→ **Try it**
Repeat the listing word for word, but skip any pictures.

→ **Information provided**
***

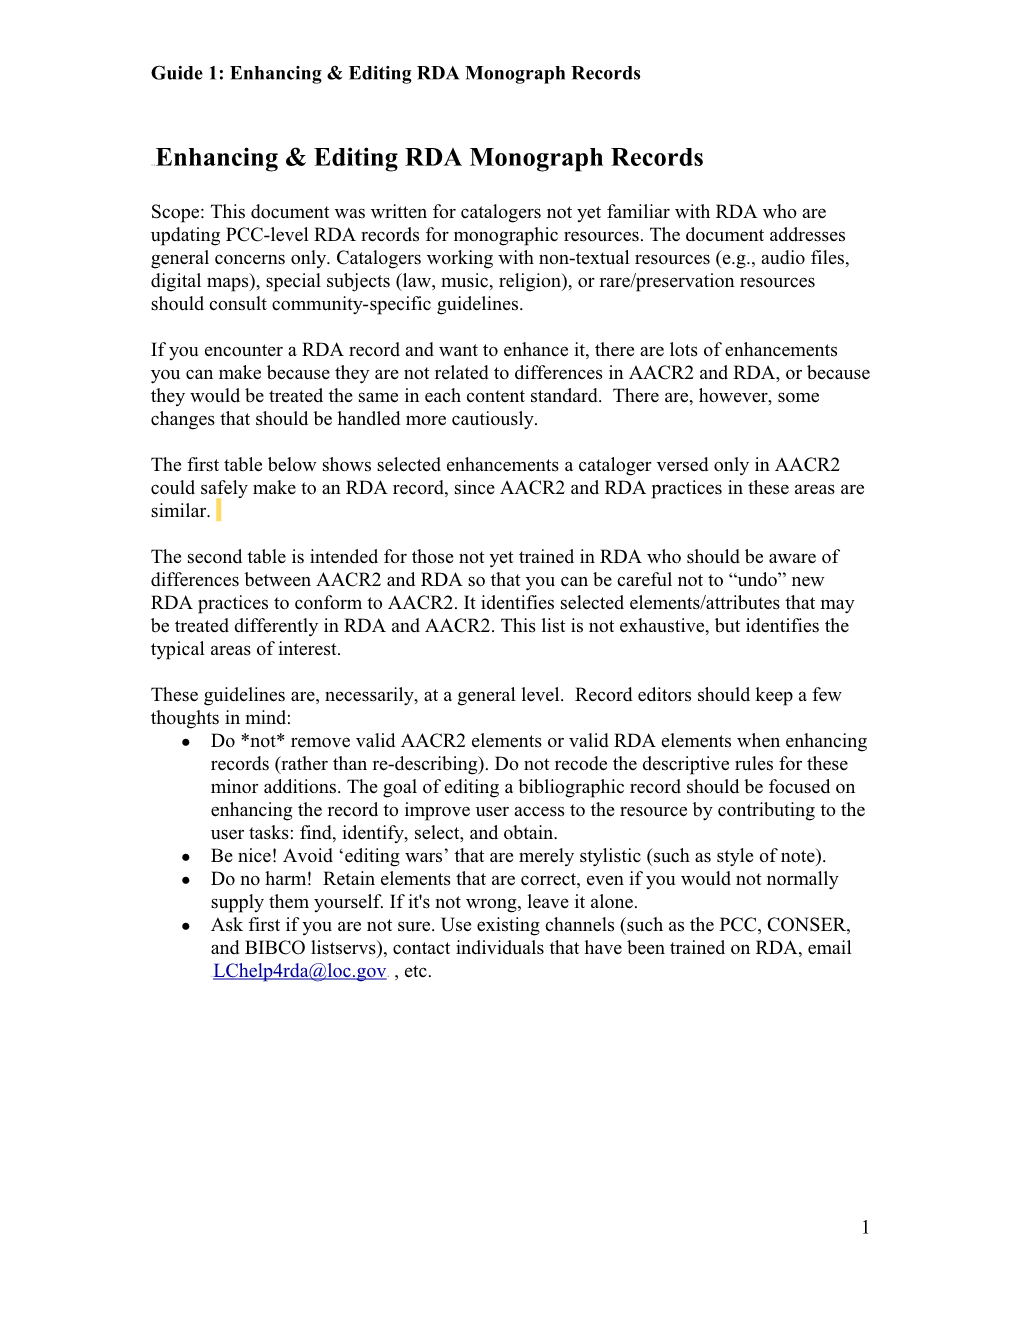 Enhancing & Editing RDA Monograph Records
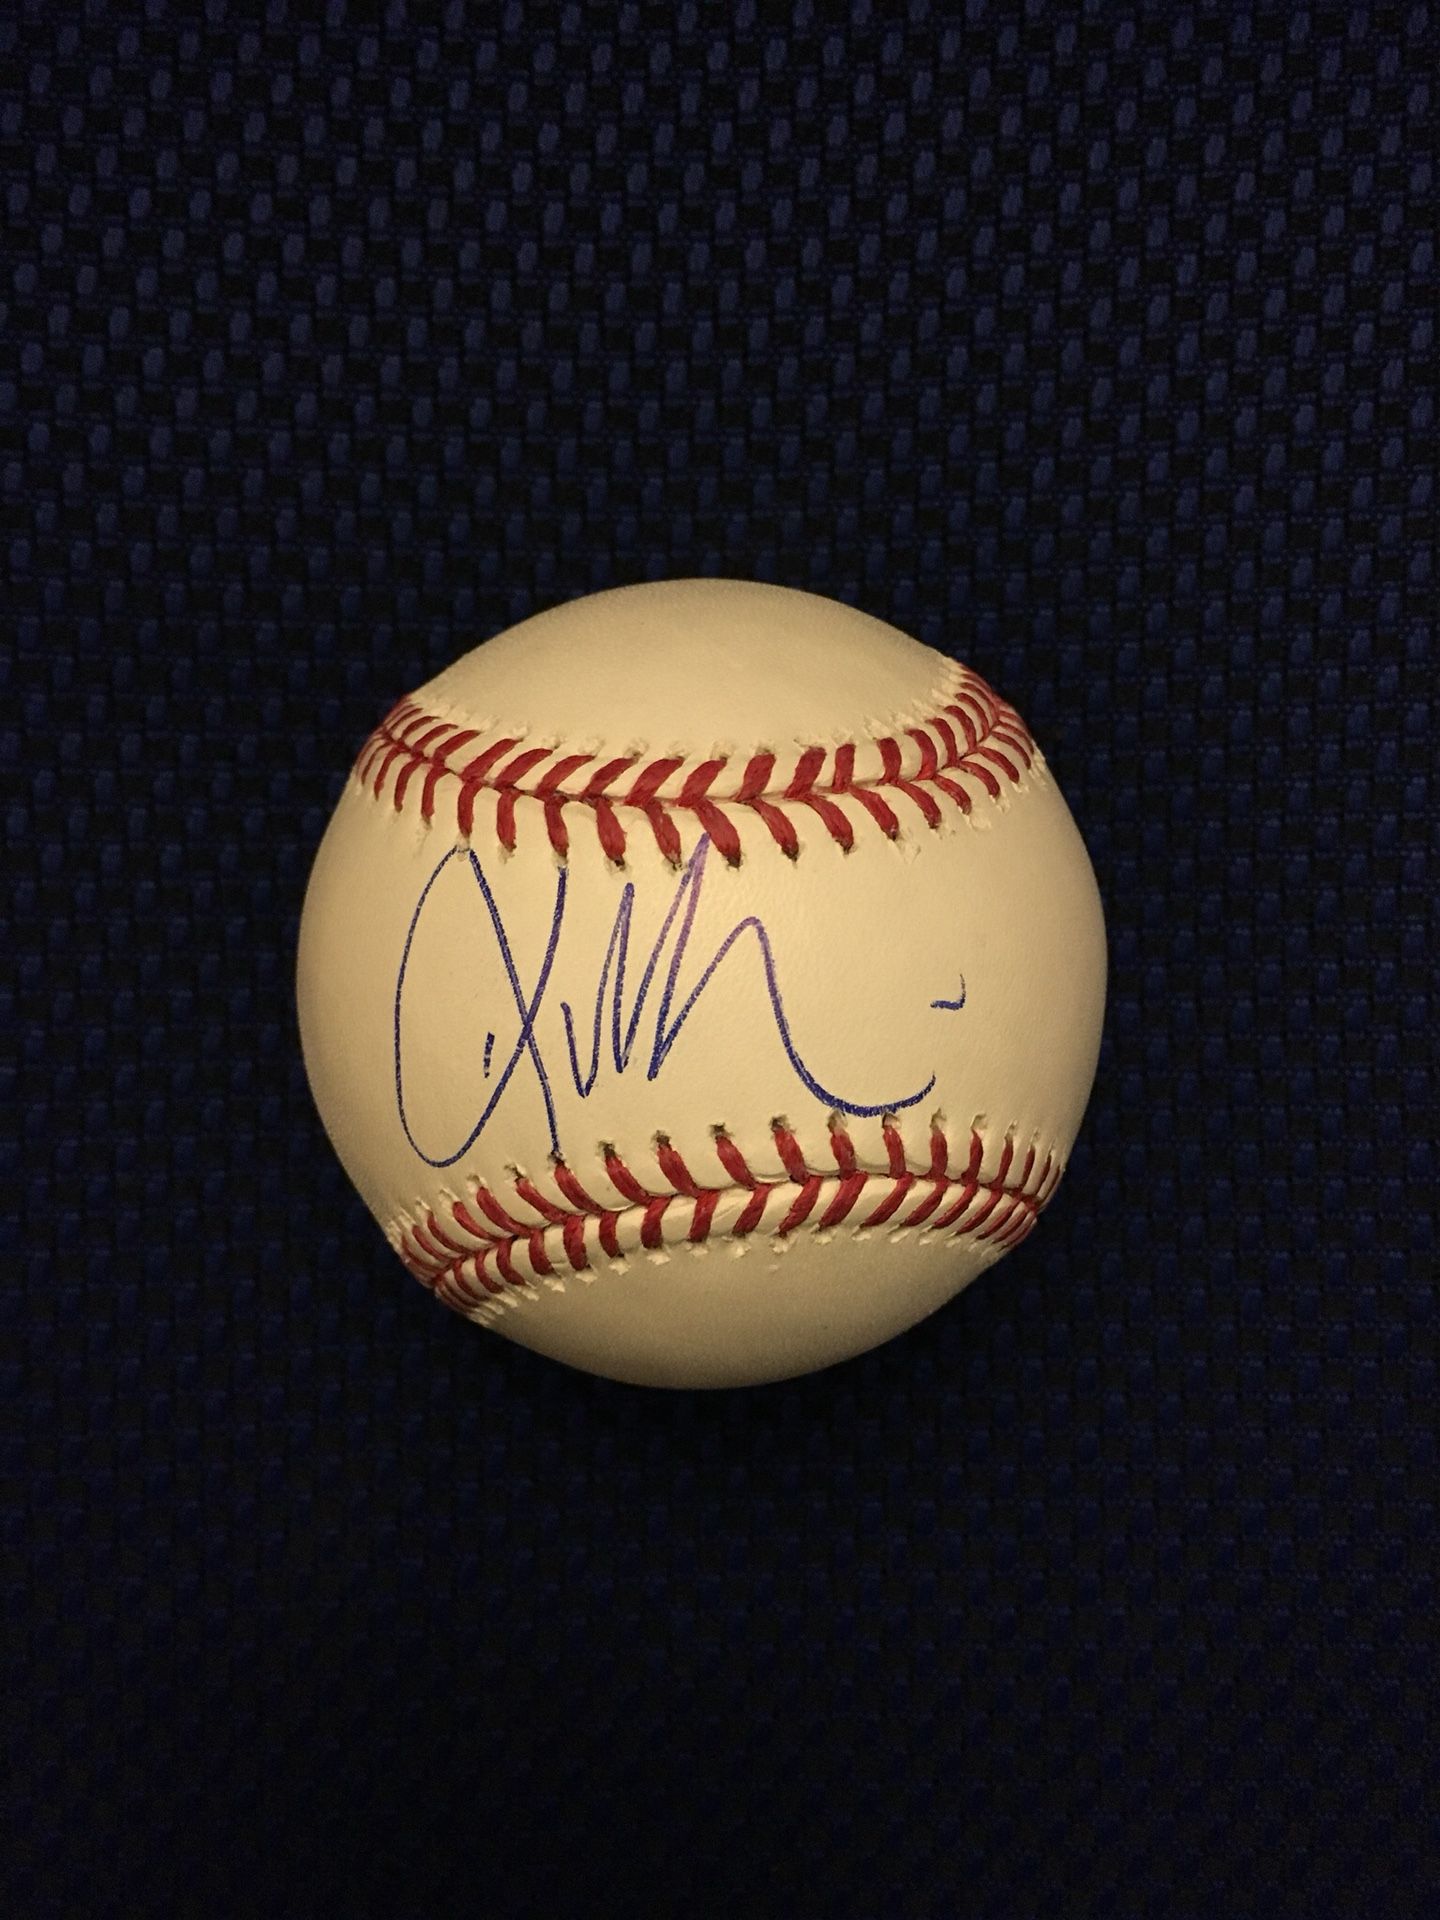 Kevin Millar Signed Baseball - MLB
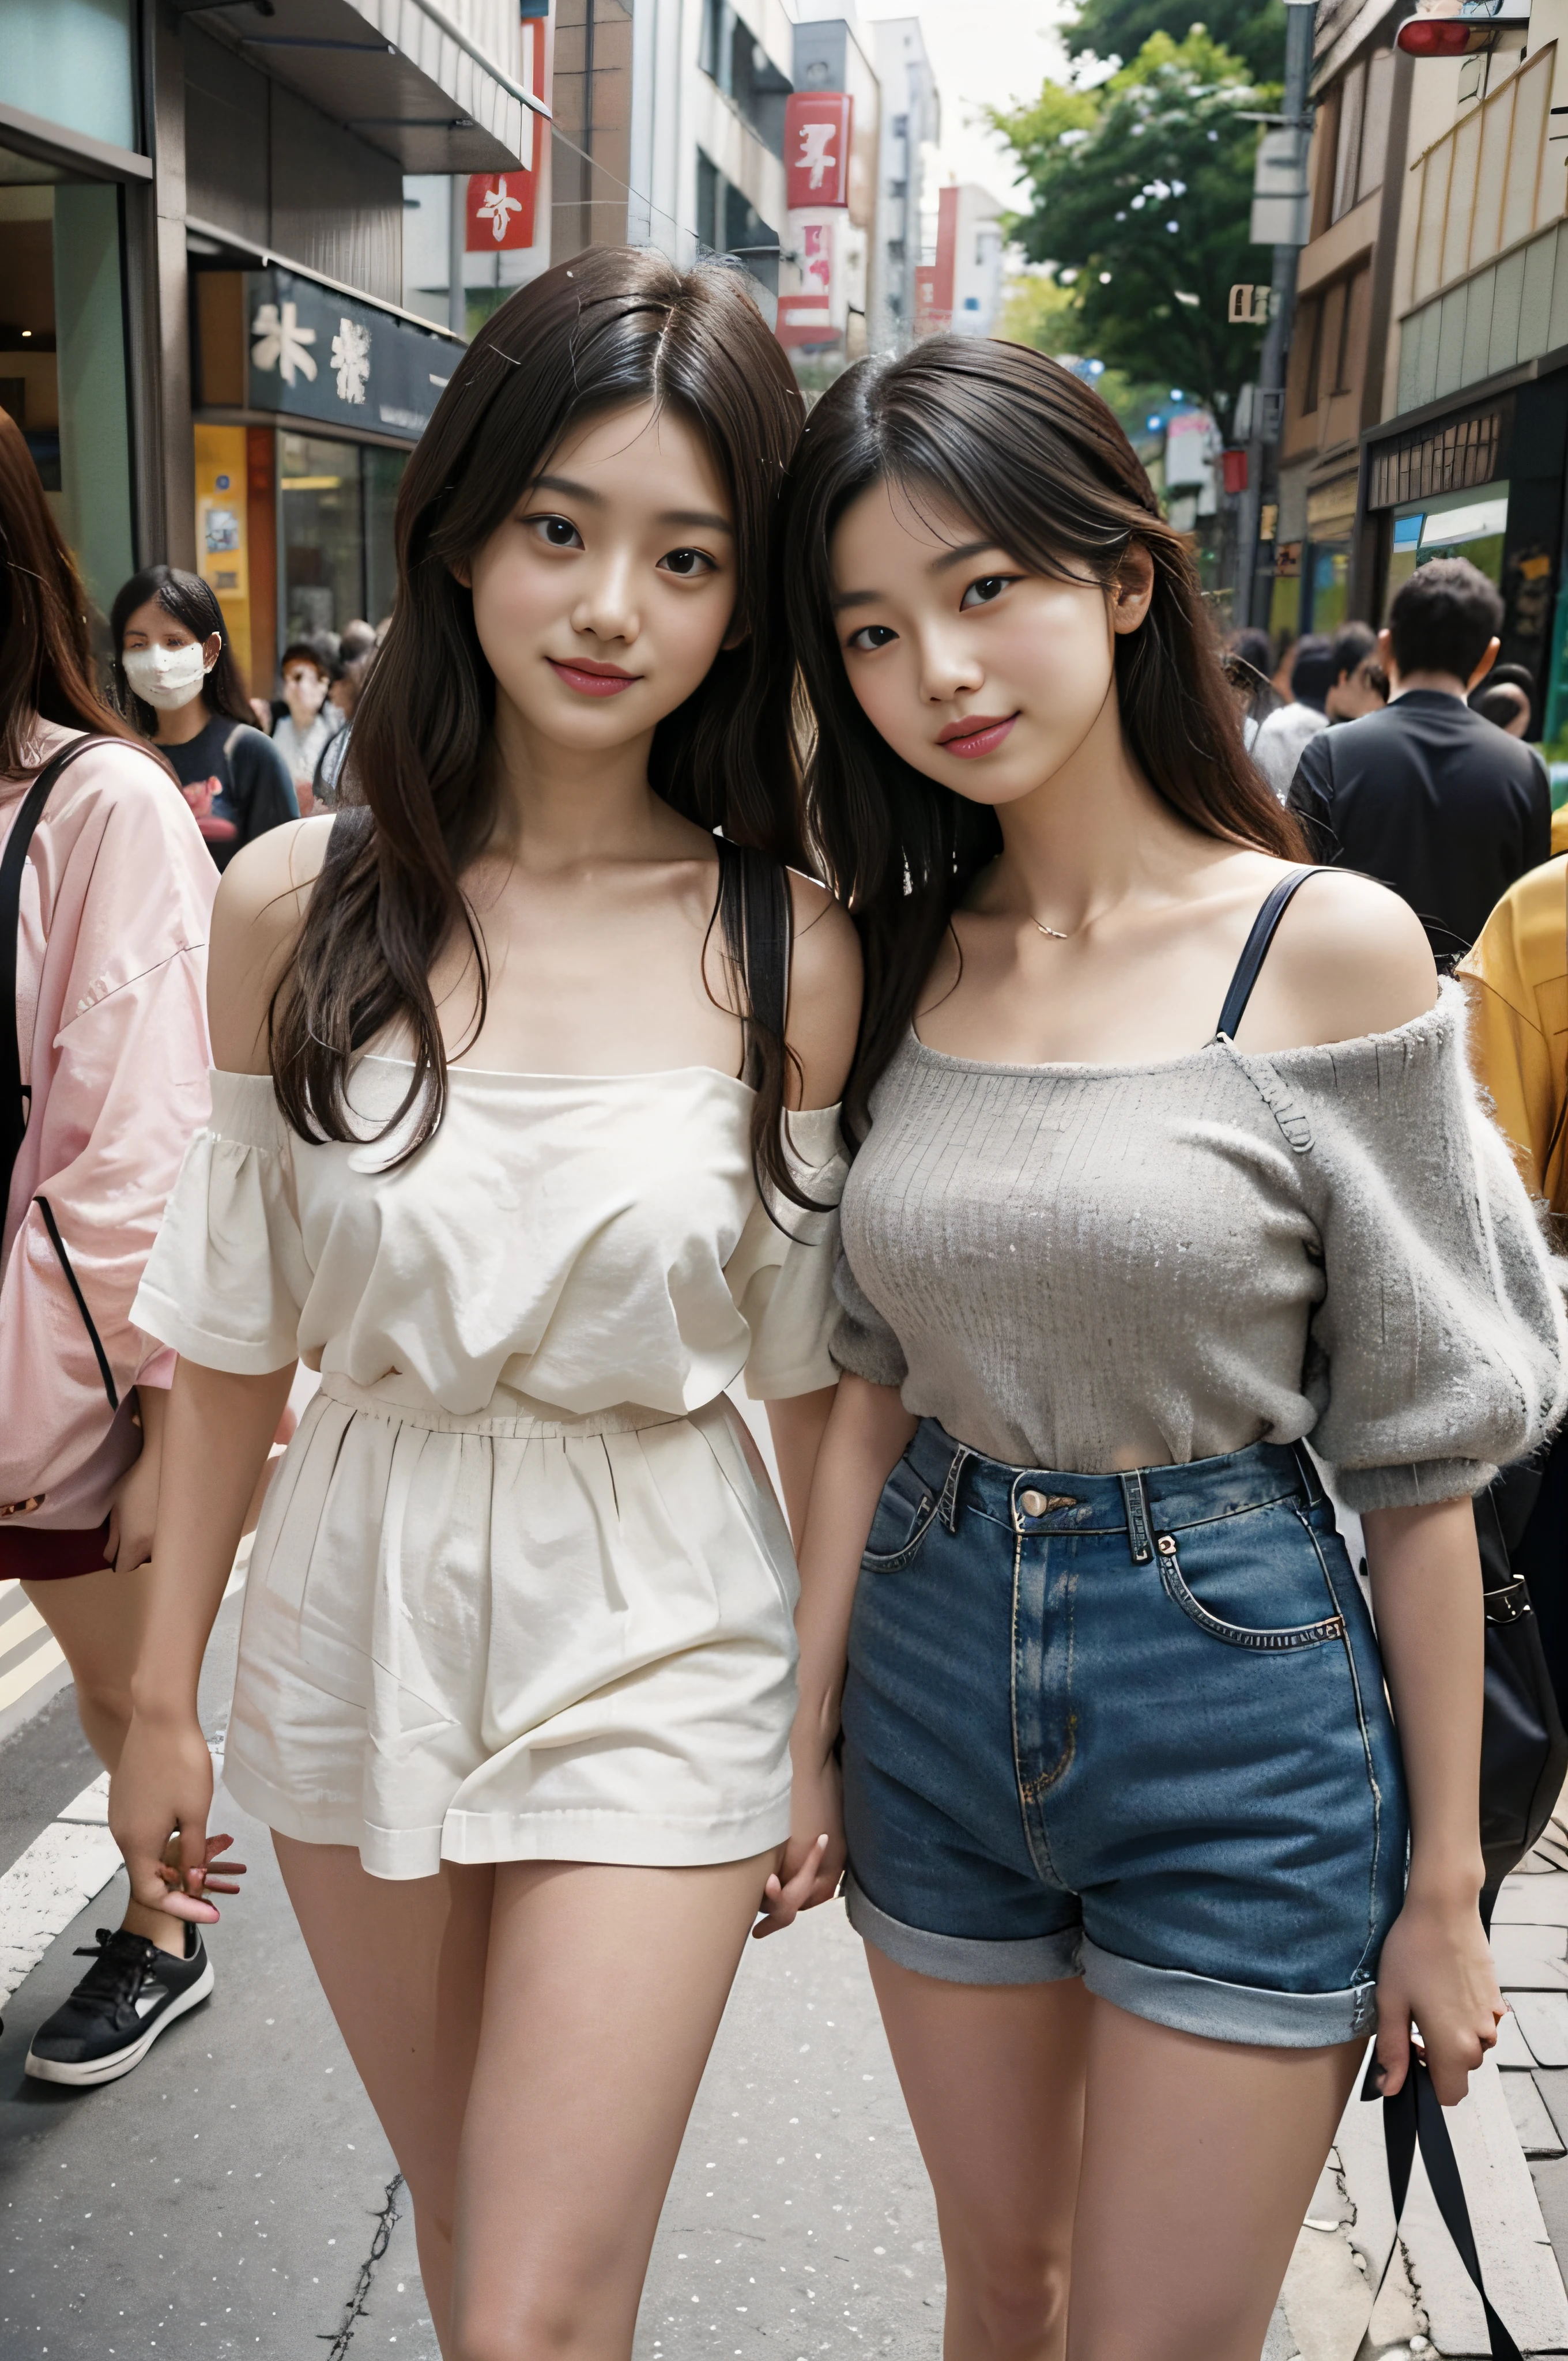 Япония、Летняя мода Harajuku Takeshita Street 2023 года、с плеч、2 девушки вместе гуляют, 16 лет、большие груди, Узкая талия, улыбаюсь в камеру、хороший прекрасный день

***

→ **Answer to this problem**
 Enhancing & Editing RDA Monograph Records
 Kevin Millar Signed Baseball - MLB
 Япония、Летняя мода Harajuku Takeshita Street 2023 года、с плеч、2 девушки вместе гуляют, 16 лет、большие груди, Узкая талия, улыбаюсь в камеру、хороший прекрасный день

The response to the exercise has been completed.